YOUR TASK | What is needed is a word-for-word copy of the listing below, without pictures.

DATASET SECTION |
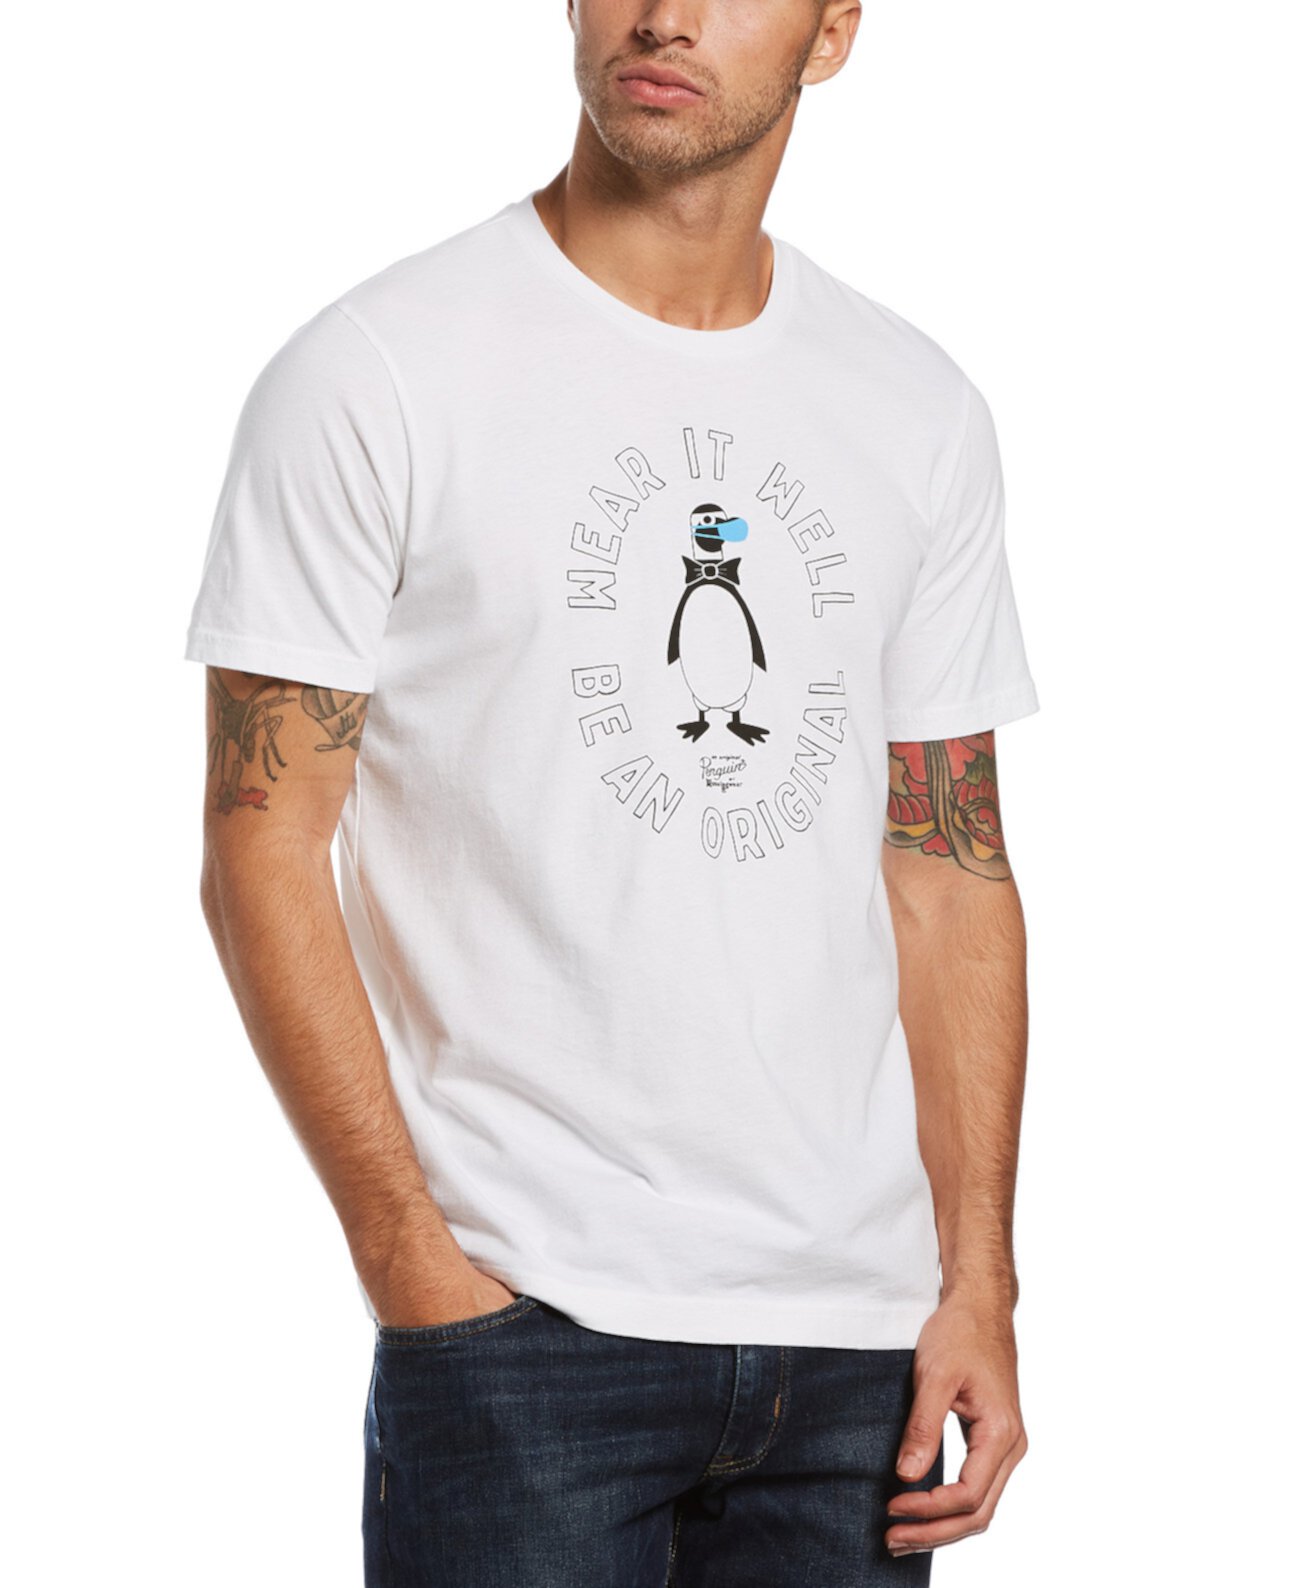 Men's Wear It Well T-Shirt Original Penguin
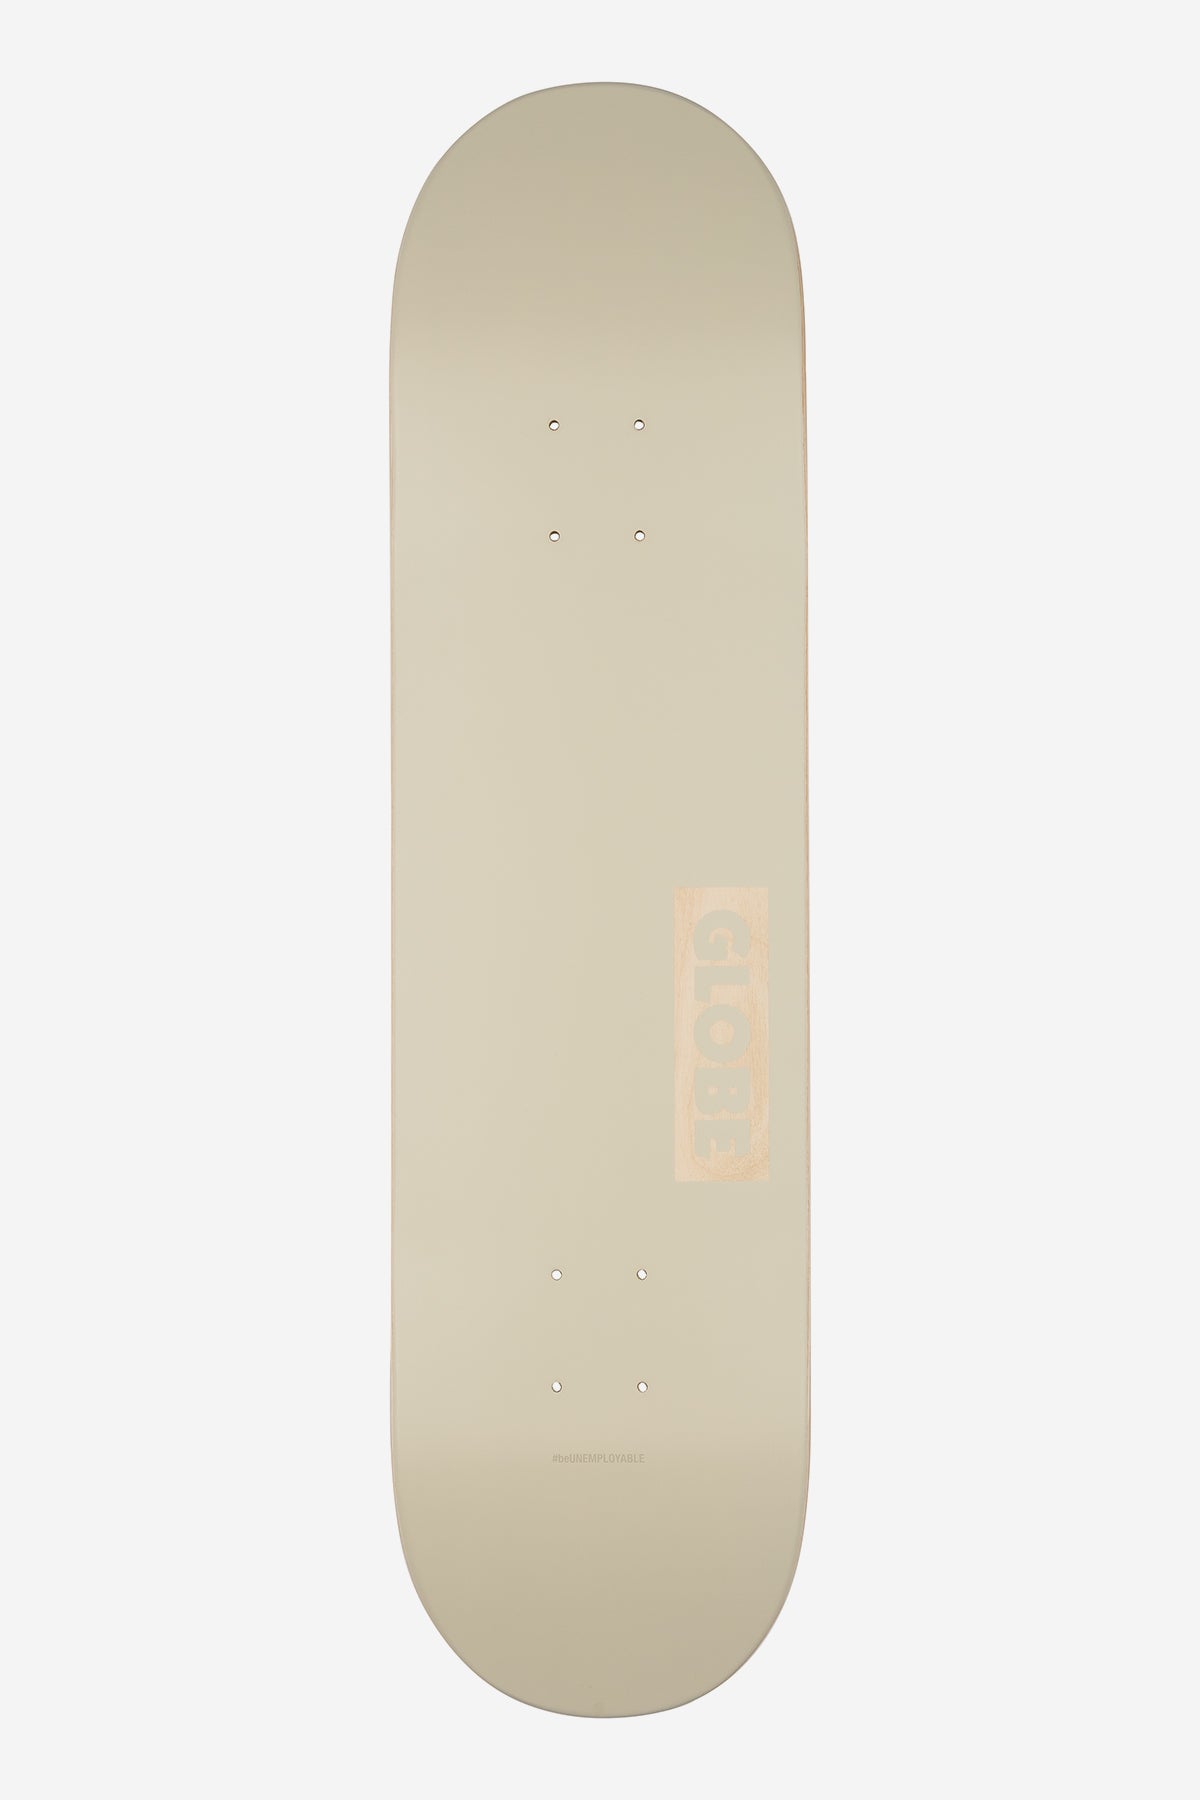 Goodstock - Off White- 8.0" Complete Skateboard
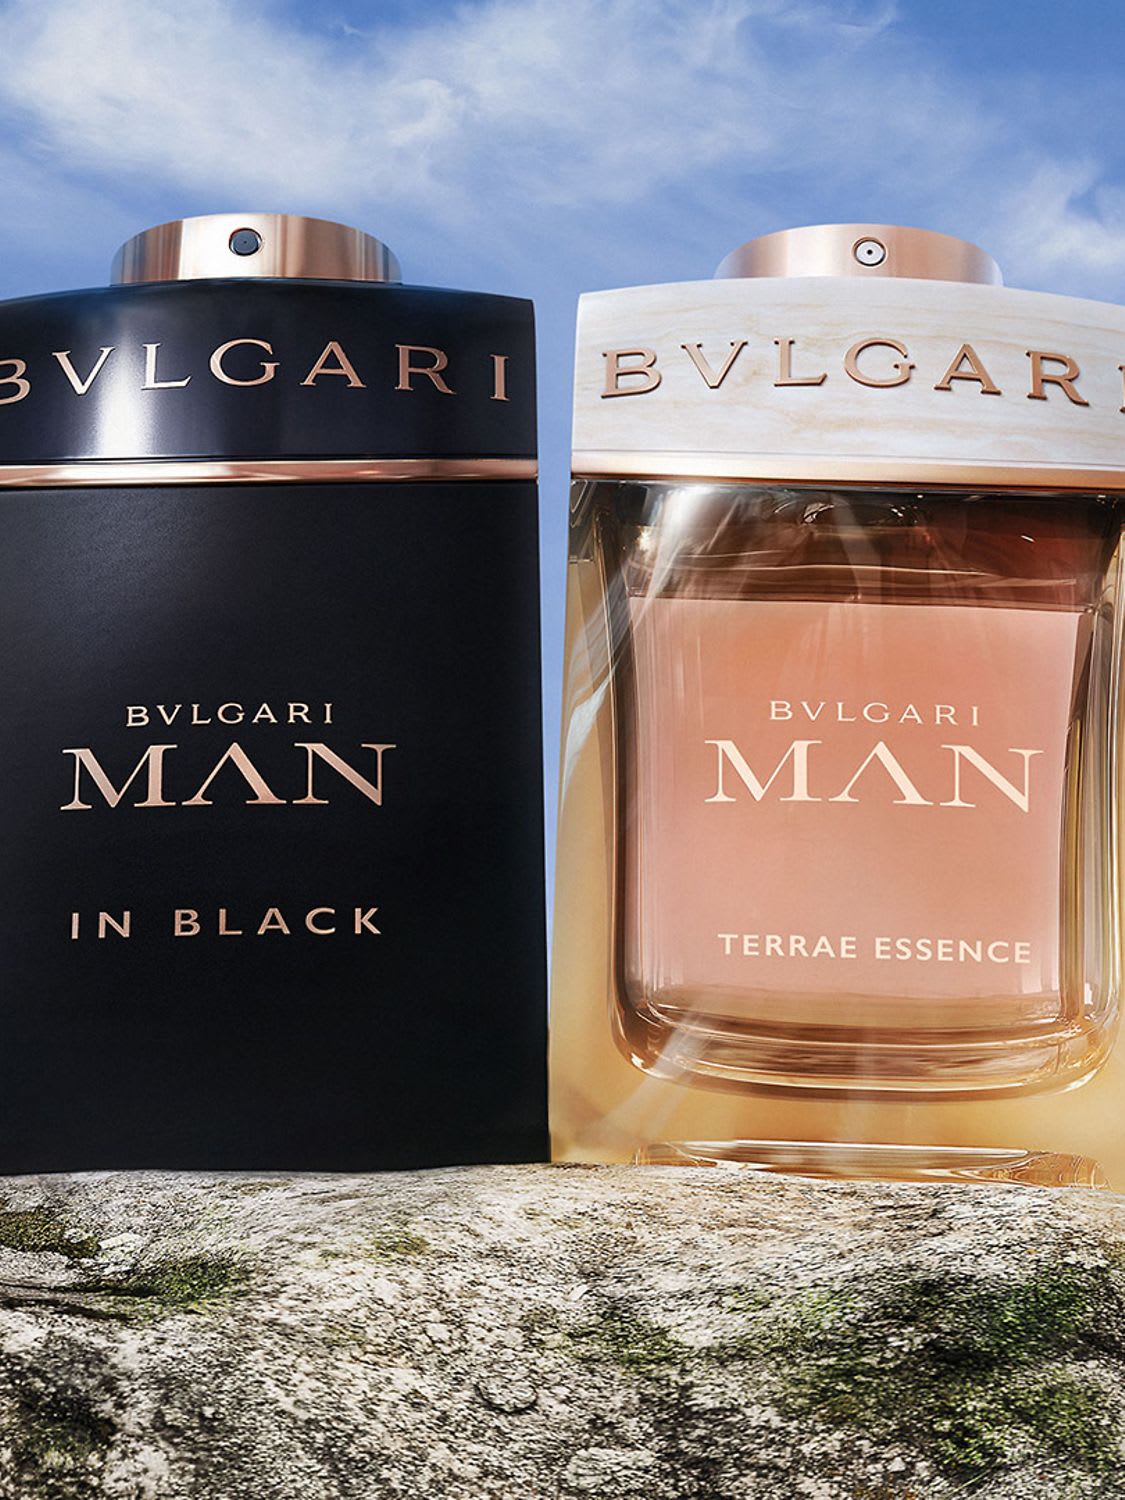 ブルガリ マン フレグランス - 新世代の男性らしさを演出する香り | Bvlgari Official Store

EXERCISE SOLUTION |
 Men's Wear It Well T-Shirt Original Penguin
 Goodstock - Off White- 8.0" Complete Skateboard
 ブルガリ マン フレグランス - 新世代の男性らしさを演出する香り | Bvlgari Official Store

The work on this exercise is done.